The hon. Gentleman is right to say that the role of civil defence has changed in the past couple of decades. The Home Office is not supposed to fund all civil defence planning through the grant. It does not claim to do that because it is primarily the council's responsibility.
The restructuring of local authorities between 1995 and 1998 necessitated changes to the way in which the Home Office contributes to the civil defence function in local government. I am sorry to say that I cannot offer much comfort to the hon. Gentleman because the legislation essentially refers to war planning. It is therefore unlikely that overall funding will increase.
Changes in local government structure clearly had an impact on the Isle of Wight. As a result of the changes in local government, there were more eligible candidates for the grant, and we reassessed our allocation system. Change is always difficult, and the Isle of Wight is especially unhappy about the new method of funding. That is why I am grateful for the opportunity to explain to the House the rationale for some of the adjustments.
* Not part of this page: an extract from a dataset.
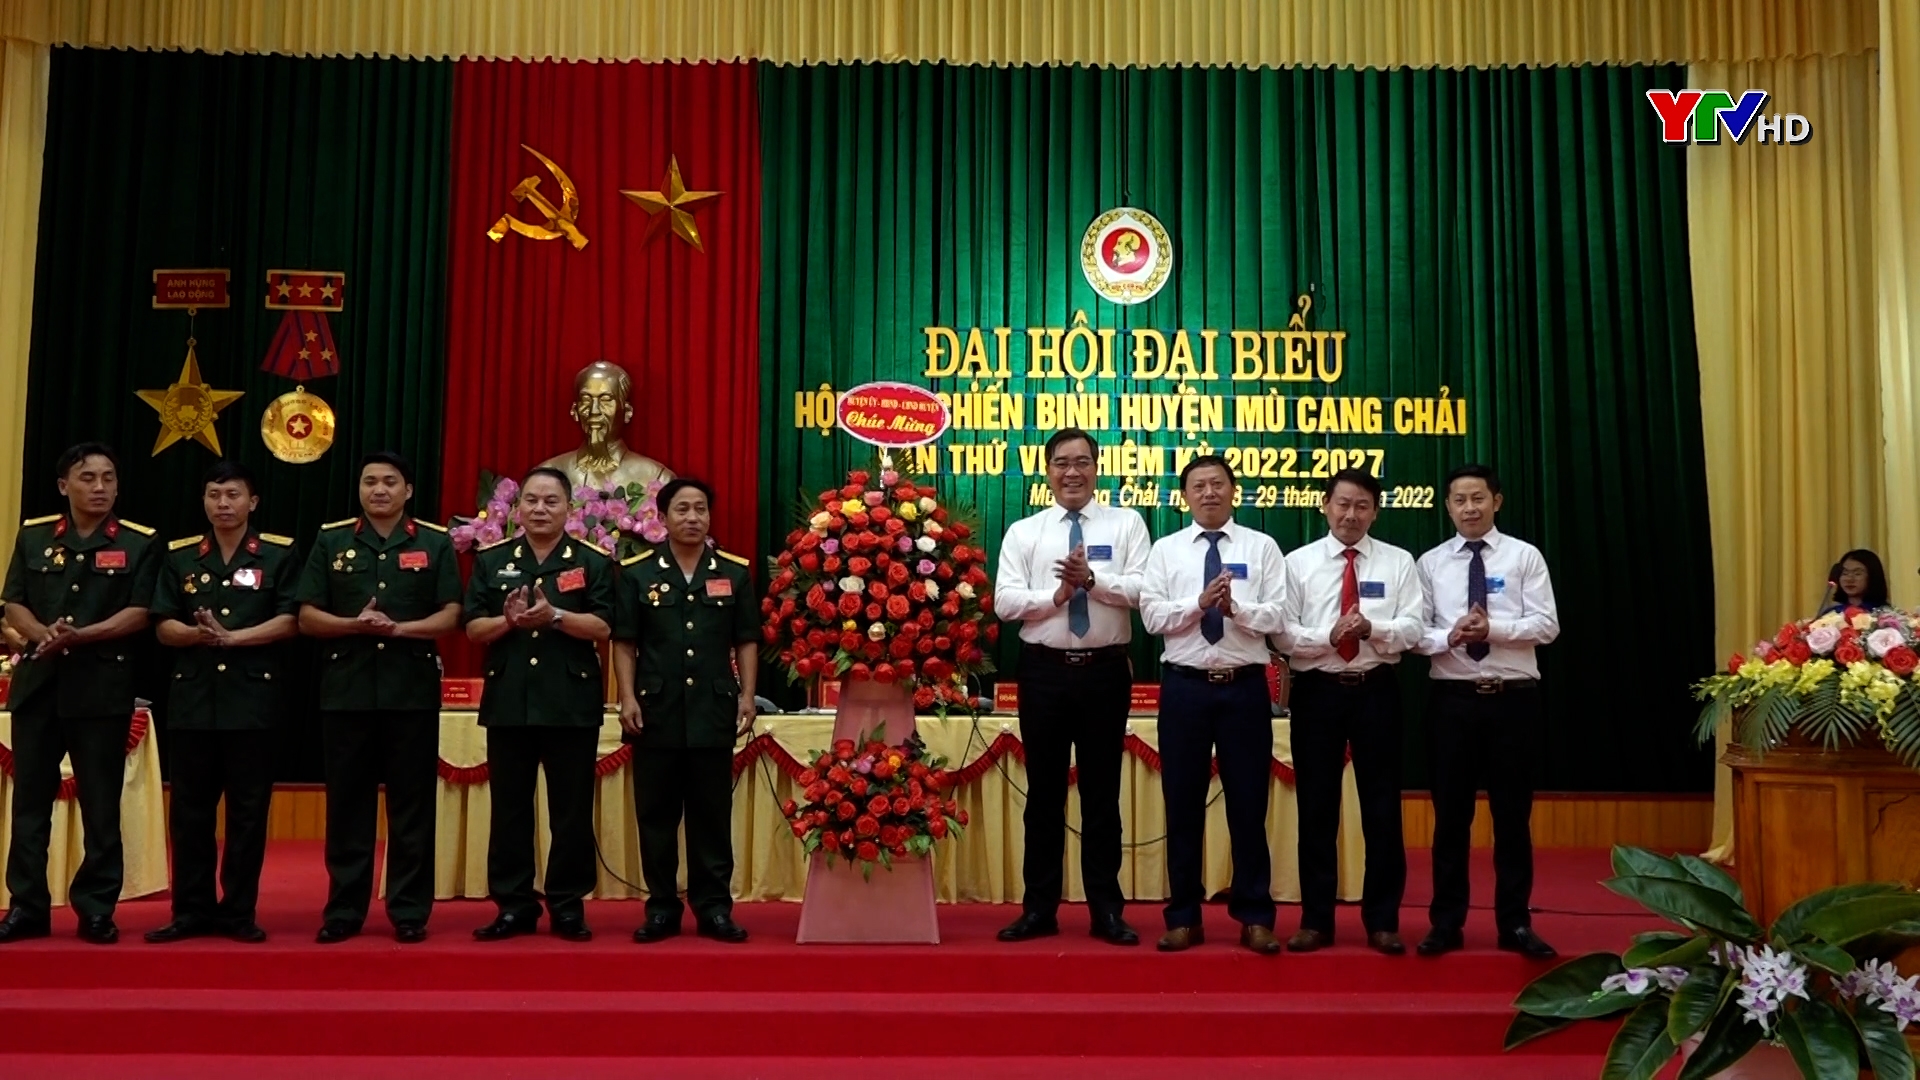 Đại hội đại biểu Hội Cựu chiến binh huyện Mù Cang Chải và huyện Văn Yên, nhiệm kỳ 2022 – 2027

I am also grateful for the chance to affirm how civil protection in England and Wales generally is enhanced by the new financial arrangements.
The previous system of grant distribution was based on a formula which was agreed with the local government associations in 1992. It was largely based on a two-tier system of local governance, which differentiated between county councils and smaller authorities such as district councils. The reorganisation of local government created several new all-purpose unitary authorities; each has a responsibility for civil defence and, consequently, access to a civil defence grant.
The reorganisation created numerous anomalies in the funding arrangements. They could be properly addressed only by introducing a new mechanism. The Home Office consulted with the Local Government Association and a new three-tier grant distribution was announced on 26 May 1999. The mechanism is based on the following rationale: all authorities with civil defence responsibilities will receive a basic allocation of £45,000 to ensure minimum, basic preparedness. County councils will receive an allocation of £10,000 for each district council in the county boundary to recognise the help that a county must provide to constituent districts.
Remaining grant after the first two elements have been addressed is allocated according to criteria adopted under the Bellwin scheme, which is operated by the Department of the Environment, Transport and the Regions. It sets a level of expenditure above which central Government may contribute to costs incurred by local authorities in responding to major incidents.